Docker Desktop 4.23+ has native WSL2 GPU support. Here’s how to enable it:
- Download Docker Desktop from docker.com
- During installation, check “Use the WSL2 based engine”
- After installation, go to Settings → Resources → WSL Integration
- Enable integration with your Ubuntu distribution
Verify GPU Support
Run this command in PowerShell (inside WSL):
docker run --gpus all nvidia/cuda:12.0-base-ubuntu22.04 nvidia-smi
If you see GPU output, congratulations—your GPU is now accessible inside Docker containers!

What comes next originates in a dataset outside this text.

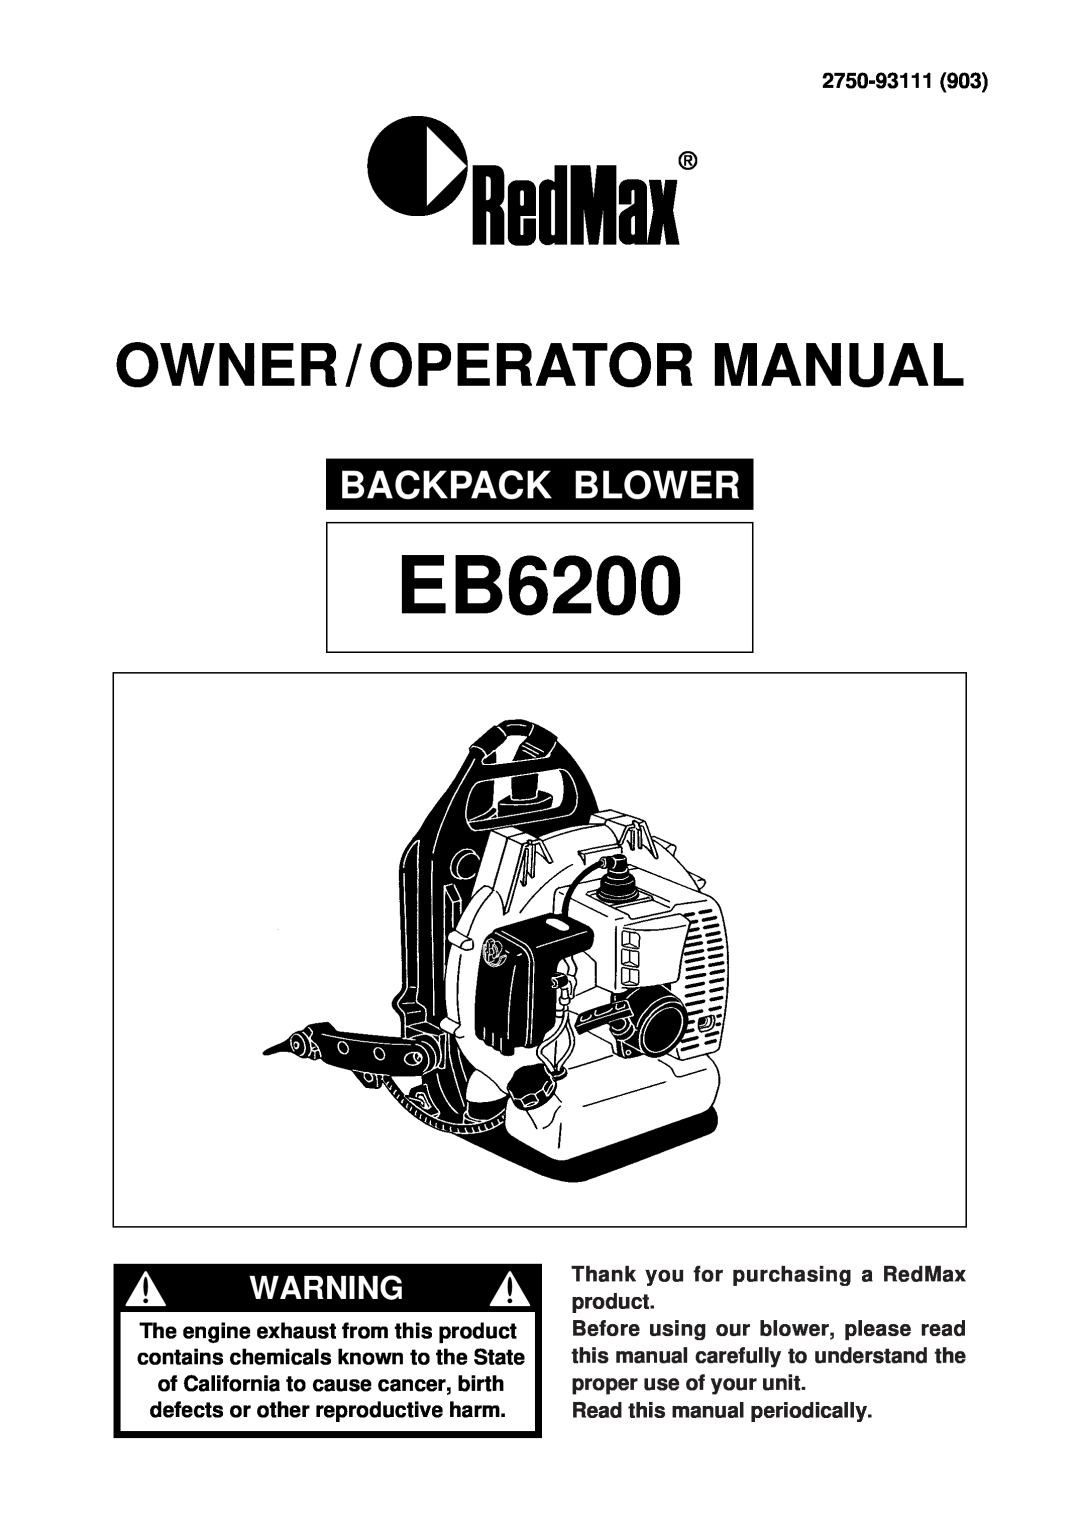 RedMax EB6200 manual Backpack Blower, Owner / Operator Manual

Common Issue: GPU Not Detected in Docker
If --gpus all fails with “no GPUs available,” try:
docker run --runtime=nvidia nvidia/cuda:12.0-base-ubuntu22.04 nvidia-smi
Make sure the nvidia-container-toolkit is installed inside WSL:
sudo apt-get update
sudo apt-get install -y nvidia-container-toolkit
sudo nvidia-ctk runtime configure --runtime=docker
5. Verify GPU Acceleration is Working

Time to test your setup with a real workload. Let’s run a simple CUDA container:
docker run --gpus all --rm nvidia/cuda:12.0.1-runtime-ubuntu22.04 nvidia-smi
This should display your GPU specs inside the container. For a more practical test, try running TensorFlow or PyTorch:
docker run --gpus all -it tensorflow/tensorflow:latest-gpu python -c "import tensorflow as tf; print(tf.config.list_physical_devices('GPU'))"
If you see your GPU listed, you’re all set. You can now run ML models, CUDA-accelerated applications, and GPU-intensive workloads directly from Docker on Windows.